L'assistente personale di Matthew Perry è stato condannato a tre anni e cinque mesi di carcere per il ruolo avuto nella morte per overdose della star di Friends, avvenuta il 28 ottobre 2023 nella sua villa di Pacific Palisades, a Los Angeles. Kenneth Iwamasa, 60 anni, è stato ritenuto colpevole di aver acquistato la ketamina e di aver iniettato a Perry la dose letale. Si conclude così il procedimento giudiziario durato due anni e mezzo e che ha portato alla condanna di cinque persone. Iwamasa è stato infatti l'ultimo dei cinque imputati che si sono dichiarati colpevoli in relazione alla morte di Perry, avvenuta all'età di 54 anni.

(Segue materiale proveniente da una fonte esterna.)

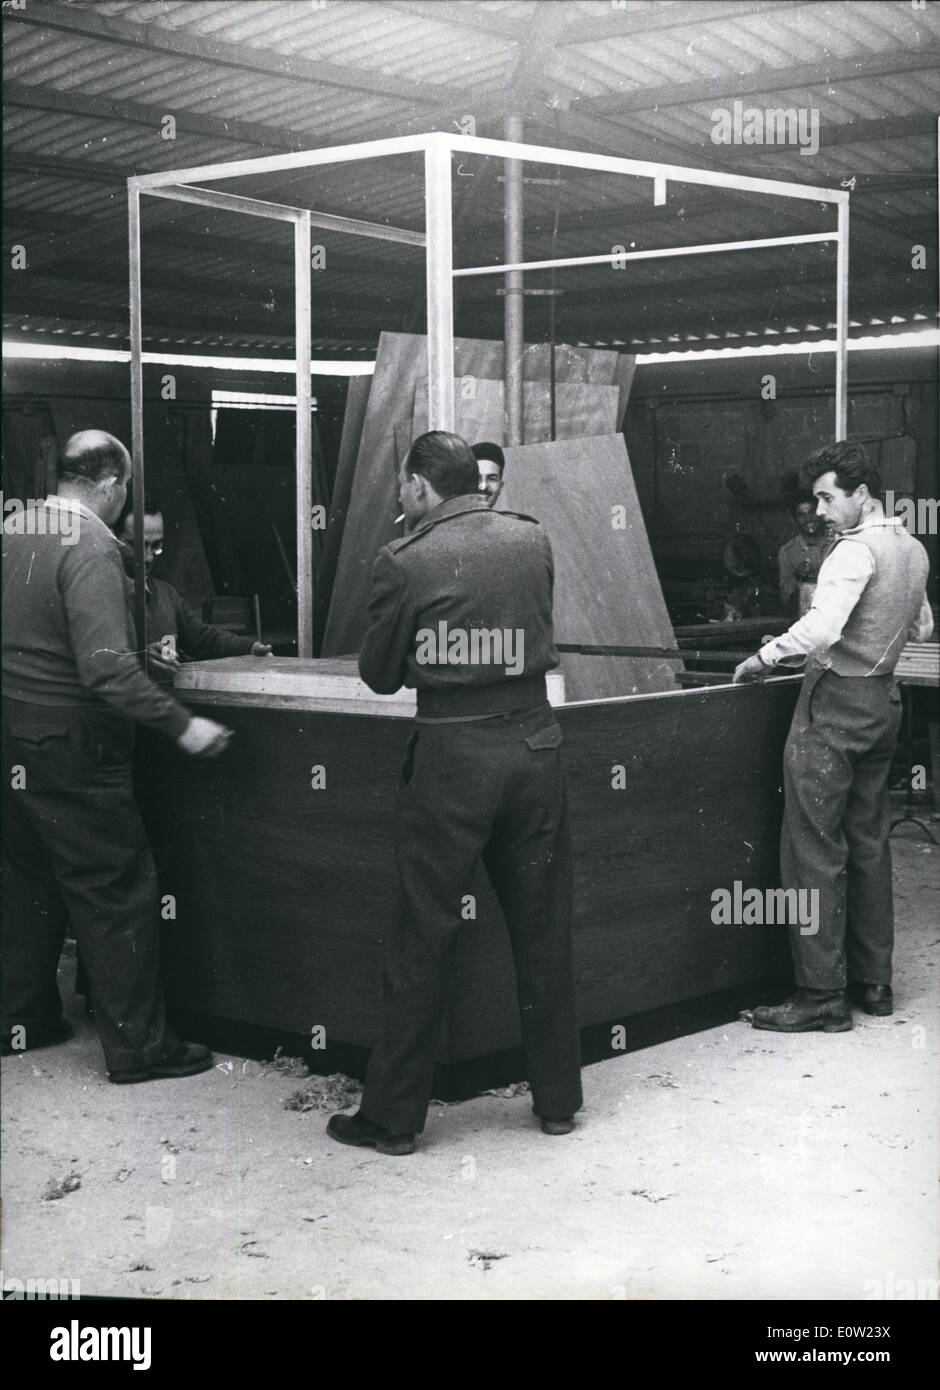 Feb. 02, 1961 - Preview of trial against Adolf Eichmann in Jerusalem: A Bullet proof cabin is being built in Jaffa/Israel in which former SS leader Adolf Eichmann, accused of having been responsible for the murder on millions of Jews, will sit during his trial in Jerusalem, together with two policemen. The glass for this cabin it is a few centimeters thick has especially for this reason been imported from Belgium. Stock Photo

"Lei era a conoscenza della sua lotta contro la dipendenza. La sua condotta è stata sconsiderata, non solo nel giorno della sua morte, ma anche nei giorni immediatamente precedenti", ha dichiarato la giudice prima di pronunciare la sentenza.
Chi è Kenneth Iwamasa
Secondo la ricostruzione degli inquirenti, Kenneth Iwamasa conosceva Matthew Perry dal 1992 e sarebbe diventato suo assistente dal 2022, percependo uno stipendio di 150mila dollari annui. Fu lui che lo trovò morto nella vasca idromassaggio. Iwamasa è rimasto al fianco di Perry durante gli ultimi giorni della sua vita, agendo come facilitatore, corriere della droga e medico de facto dell'attore. Secondo l'accusa, Iwamasa era consapevole della lotta alle dipendenze di Perry ed era, inoltre, stato avvertito dai medici sulla pericolosità dell'auto-somministrazione di ketamina.
Le scuse di Iwamasa
"Sono terribilmente dispiaciuto e porgo a voi le mie condoglianze - ha detto Iawamasa prima della lettura della sentenza, rivolto ai familiari e agli amici di Perry - Sono profondamente rammaricato per aver commesso questi atti illeciti, dei quali mi pentirò per sempre. Me ne porterò il peso fino alla tomba".
Le persone coinvolte
Sono cinque in totale le persone condannate per aver contribuito a distribuire illegalmente la ketamina destinata a Matthew Perry. Coinvolta in primis Jasveen Sangha, conosciuta come la "Regina della Ketamina", condannata a 15 anni di carcere.
Coinvolti anche i medici Salvador Plasencia, 30 mesi di reclusione, e Mark Chavez, che sconterà otto mesi di arresti domiciliari. Due anni di carcere spettano invece a Erik Fleming, accusato di essere stato il tramite nella compravendita della sostanza.